A meme going around Jewish left circles has the speaker declare that the State of Israel and/or the war in Gaza and/or the State of Israel and Zionism are “not in my name.” It’s an interesting phrase, one that goes back, at least, ten years ago to protests in the UK against the Iraq War. It speaks to the relation, in this case an oppositional one, between individuals and groups of individuals who seek to organize into a political counter-movement vis-à-vis a political state. As a friend points out on FB, in this case it’s meant to assert a difference between Judaism and Israel, or Judaism and current Israeli war-making.
The phrase, however, is subject to a very subtle dialectic. When articulated with sufficient moral affect, the dialectics are such that the speaker has already ceded enormous power of the state to speak in his or her name. To make such a claim, the state must have already caught the speaker. The speaker has drawn close to the state, enveloped intimately and obsessively into its machinations. Otherwise there’s no basis for the opposition, until such a point that the state spits you out. If the state did not already speak “in my name” I wouldn’t have to say it. “Not in my name” is very different than the “render unto Ceasar” in the New Testament.
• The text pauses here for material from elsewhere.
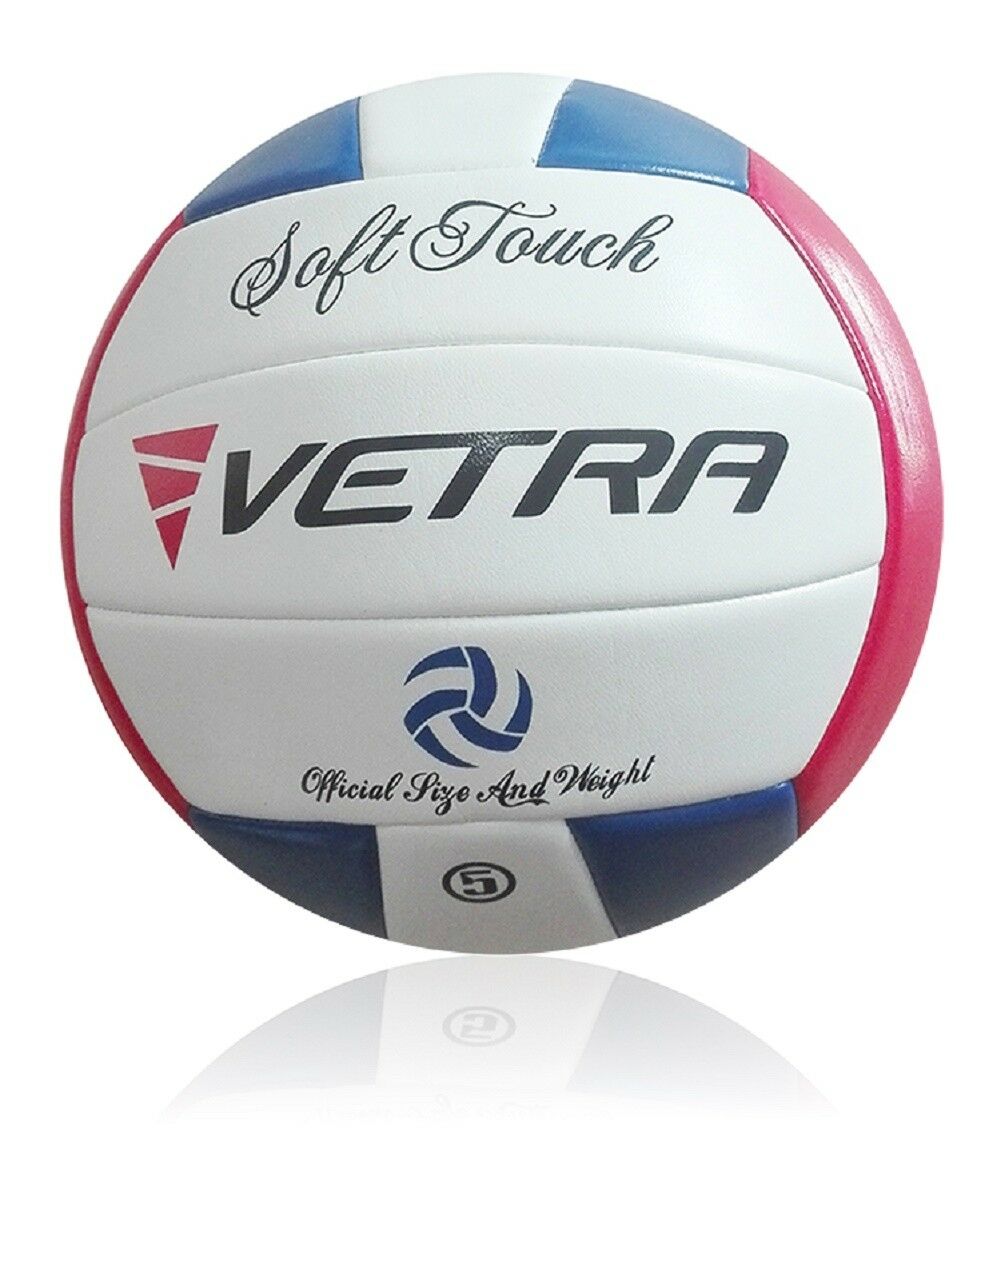 Vetra Volleyball Soft Touch Ball Official Red/blue/white Outdoor Indoor Game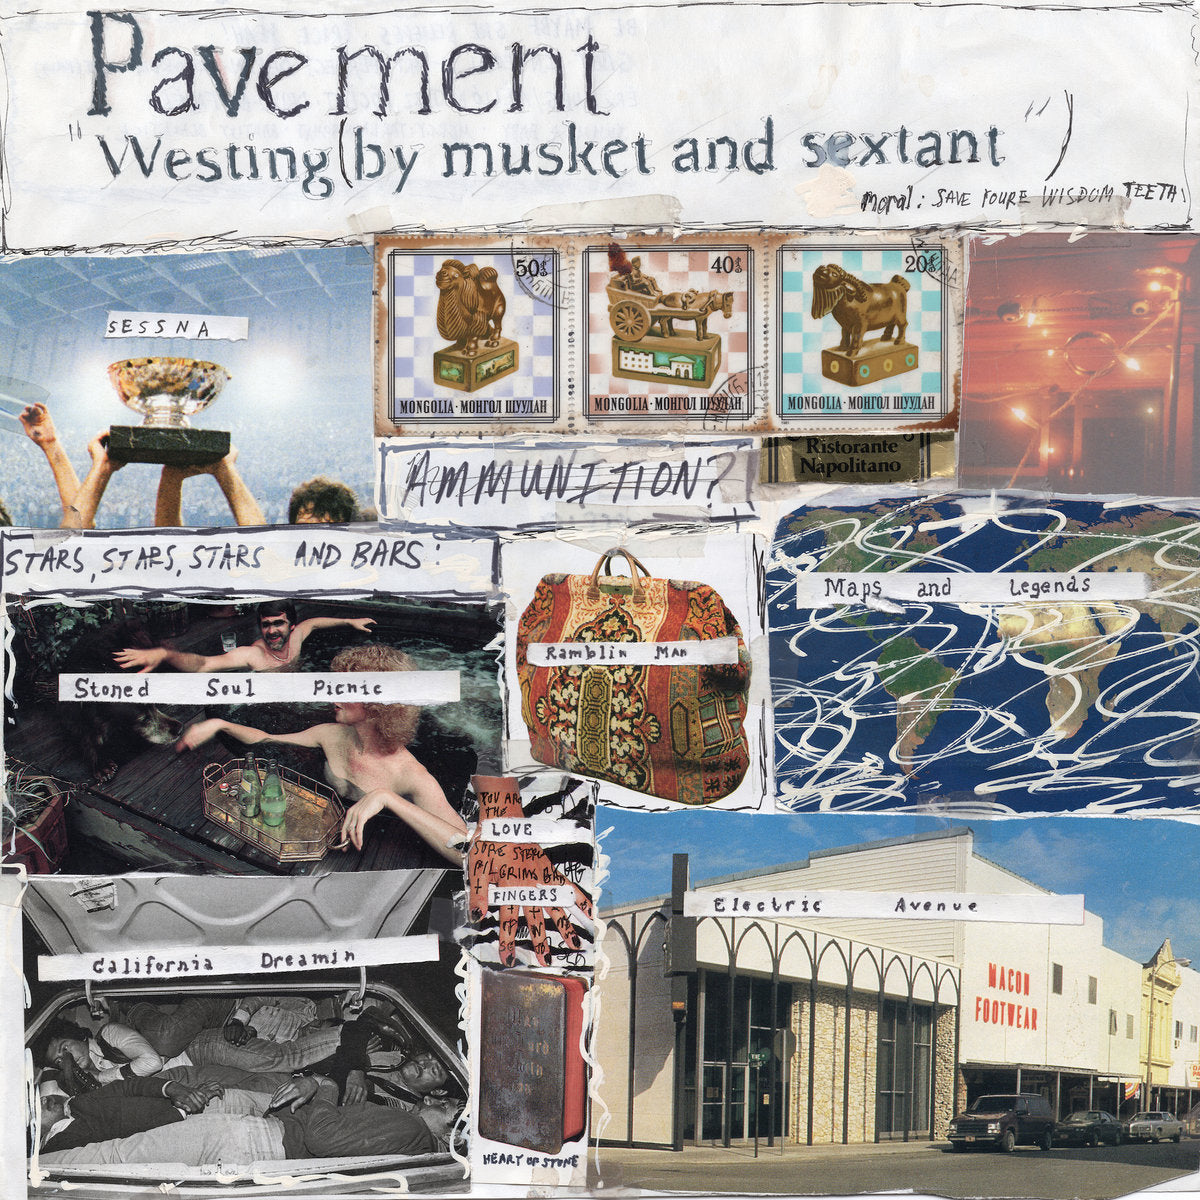 PAVEMENT - WESTING (BY MUSKET AND SEXTANT) Vinyl LP

As a U.S. citizen, I never thought to think that Israel speaks “in my name.” It can’t really, because I have no formal rights or obligations to that state, and I am in no need of its protection. My link to Israel, the country governed by the state, is affective and potential. And perhaps it’s that very potentiality that sets the teeth on edge for so many of my friends on the America Jewish left. As a Jew, I want the state of Israel to speak in my name the language of justice, mercy, and morality, not the language of power and domination. But it’s the latter language that is the one spoken by all states, despite and in tension with the values they claim to carry and seek to embody.
Herzl was right. Before they constitute a religion, they Jews are an umma. There’s no other way to explain the anger, bitterness, and disgust expressed for the State of Israel the further out on the U.S. Jewish left you go. Like it or not, Judaism and Zionism are too deeply imbricated to make for an easy separation. The more you repeat or flag the phrase, the more actively you deny the connection (as opposed to ignoring it), the more active you make the relation and deepen it, the more dragged you are into its controlling and determining discourse.
What’s the option then?
Not to give up, not to walk away, but to fix the condition, to make it right, and to do so in our name.
or at least try and get our more direct contributions (via US taxes and all) in order…
So if I understand you correctly, the “anger, bitterness, and disgust expressed for the State of Israel the further out on the U.S. Jewish left you go” are explained solely by the fact that the Jews are a nation, and the Jewish left does not want to be a part of it? Thanks, that is a relief.
As I thought all along, and I am happy to know you agree, its not about whatever the State of Israel is doing, regardless of the morality (or immorality) of its actions. The Jewish left (in Israel, too, by the way) will feel anger, bitterness, and disgust because of their own internal twists and disturbances, not because of the actions of the State of Israel. As any therapist will tell you, recognizing your problems is the first step towards a more healthy and balanced life. The question is – when and if is it going to happen and how much damage will the extreme left, Jewish and non-Jewish, inflict on the State of Israel before it comes to face its own fears and demons.